Authors: Chris Barker

BOOK: My Dear Bessie
6.3Mb size Format: txt, pdf, ePub

'
Tis Christmas Eve 1945

My Darling, Wonderful One,

You may be interested and amused to know that the yellow mepacrine tablets we take as anti-malarial precaution are
considered to render a man sterile. Reason: about twenty married men of 30 Wing came from the February leave, and none had any children as a result. This time (mepacrines not having been taken) three are ‘certs' (they say – blowed if I know how they can tell) and two are (as it is put) ‘sweating'. It is actually three, but of course I have said nothing.

Yes, I should get out as regularly as you can, for fresh air and exercise. A walk for twenty minutes daily is all that you need in poor weather. Try and keep indoors when it is rainy or very windy.

You seem to have made some reduction in your cigarettes. I hope you keep it up, but I shouldn't distress yourself.

While not opposed to four children, I suggest you see how No. 1 treats you, before we adopt it as a policy! It is a great test of endurance for you when the time comes. I shall have no ‘say' in this. It is up to you and it would be unfair for me to suggest we have anything contrary to your wishes.

Please don't ‘flop' if it isn't, my darling. We have tons of time ahead, and you must usefully occupy yourself in some way else.

Which pullover did you wash, the khaki, or the smashing light brown from Meakers?

I would like to consume one of your ‘meat puddings by guesswork'. I could perhaps send you a good spaghetti recipe, but that's about all.

I love you.

Chris

Christmas Day 1945

My Wonderful Wife,

I will continue replying to your letters.

I do like short pants with buttons, please. Were not the matches handy? Please send the
Statesman
weekly if you can, ordinary paper with a piece of string to keep it together. Address in margin of paper, and only ½d. stamp. I like hearts better than liver, although I am quite content with liver for a change. A good deal depends on how liver is cooked, I think, more than other meats. Glad you had another go at the batter pudding, and it was approved. I am a very lucky man.

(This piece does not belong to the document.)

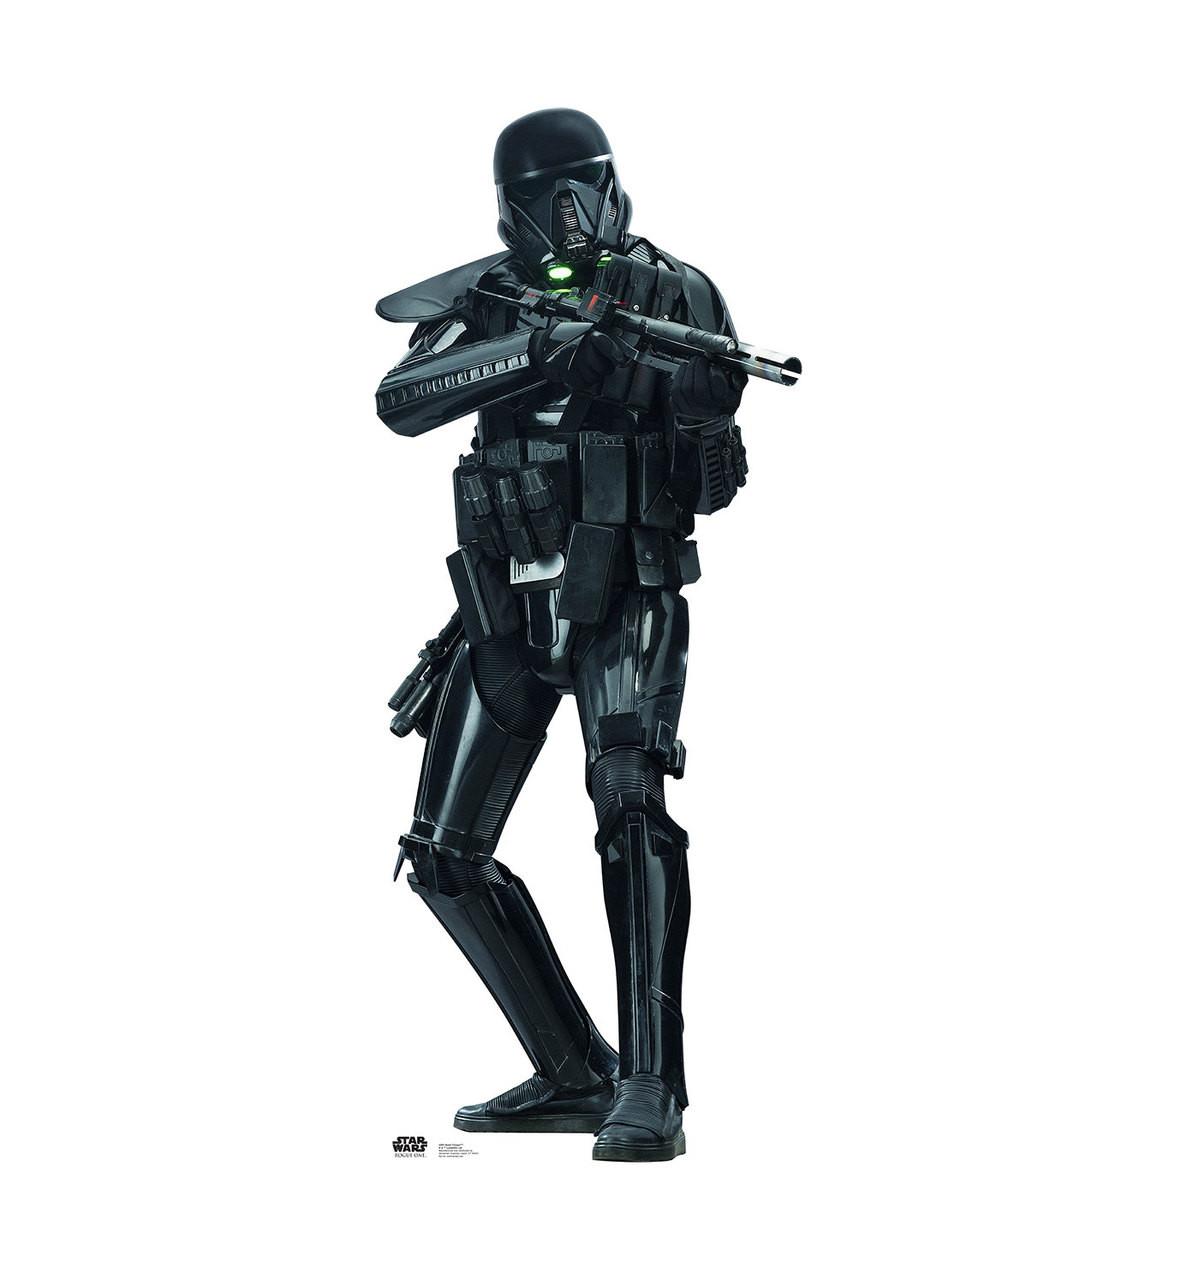 Shoretrooper-Rogue One Cardboard Cutout 2245

Does the ‘peculiar sick feeling' affect one so early? What I wonder is, what about the chance of it forming in the passage, as it suggested in that book. Have you had time to look at the book at all?

Again, the house. The more I think on our chance to get it, the more thrilled I am with our luck. ‘Get it if you can', I feel like urging you continually. It's a front door of our own, it's a place, it's our castle! It appeals to me a lot. It means security, independence and a place to think of. It means making a start.

The travelling is a bind, but it is NOTHING compared with the joy of having a place, especially one that you like. And if we had a child, a good open-aired spot would be most useful.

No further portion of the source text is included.